The film stars Kenneth Tobey as our submarine commander hero and sexual harasser, Faith Domergue as the brilliant lady scientist who eventually takes Tobey down a peg even as she's clearly ready to bed him, and Donald Curtis, whom I have seen in multiple other movies but never in such a prominent role.  They're all fine.  Tobey I have an affection for as the guy from the original The Thing From Another World and a whole bunch of Joe Dante films (plus Airplane!).  Domergue just isn't one of my favorites.  She's very...  there in the movie, but she always feels a little flat to me.  And Curtis isn't bad as the third wheel.  
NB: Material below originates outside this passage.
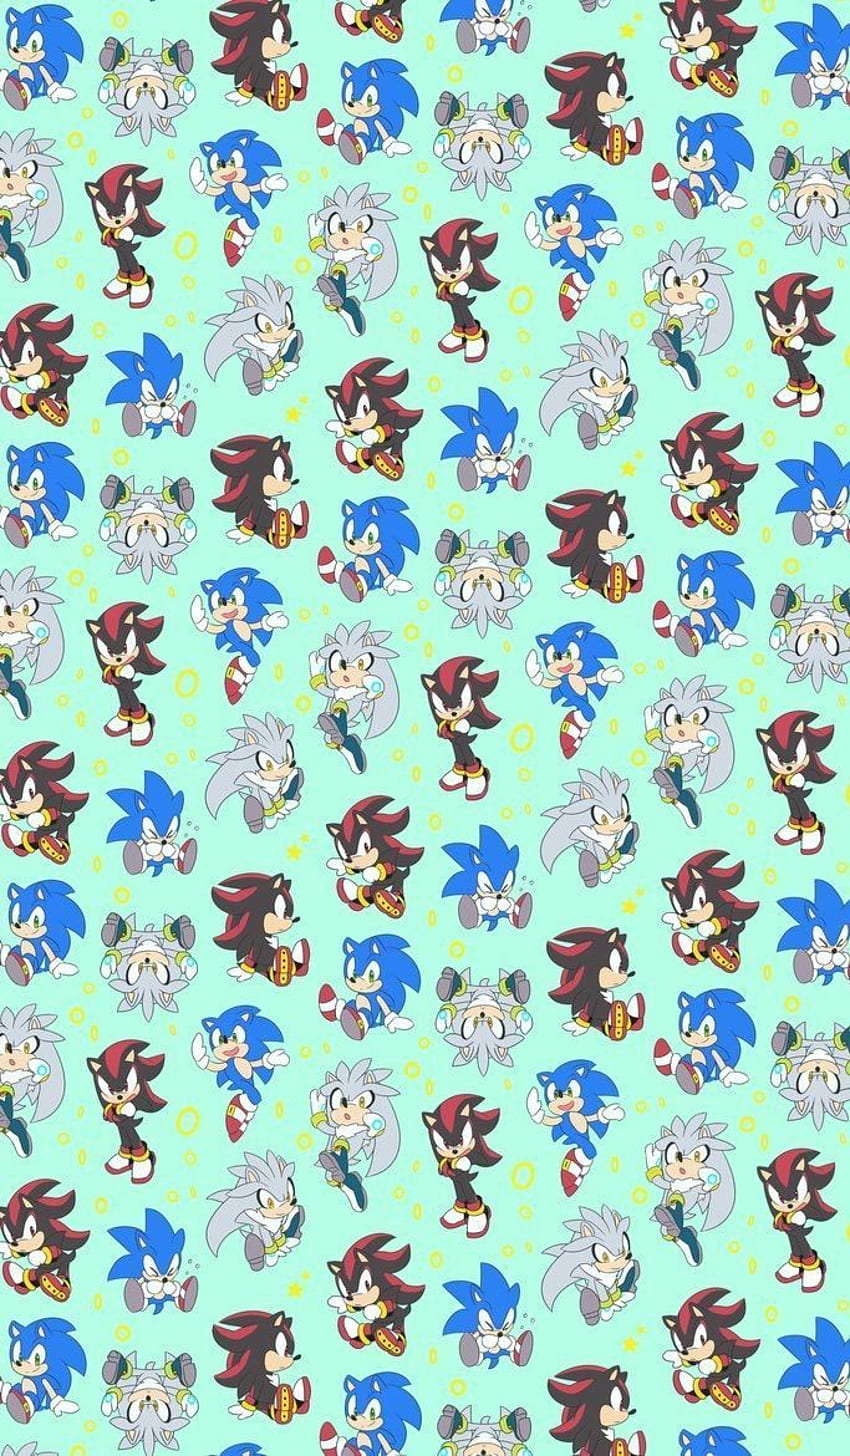 Silver The Hedgehog, Sonic Shadow and Silver the Hedgehog HD phone wallpaper

The sexual politics of the movie are squarely 1955 for most of the film:  he-man Tobey makes his intentions known, Domergue is sorta having it as Tobey literally corners her and all but waggles his eyebrows.  But the curious bit is the speech delivered by Curtis, informing Tobey (who presumably has been at sea since WWII) "hey, women have their own minds, and they're entering the workforce as equals, so step the fuck off" to which Tobey seems amenable-ish.  It arrives way too late, and has been ignored coming from the mouth of Domergue, but it does arrive, and for that alone I was shocked.

The movie is a tight 80-something minutes, so it's not exactly going to kill your day to watch the movie.  Just don't come in expecting deep character studies or anything.  Come in looking for SF to get blowed up by a squid and you're good.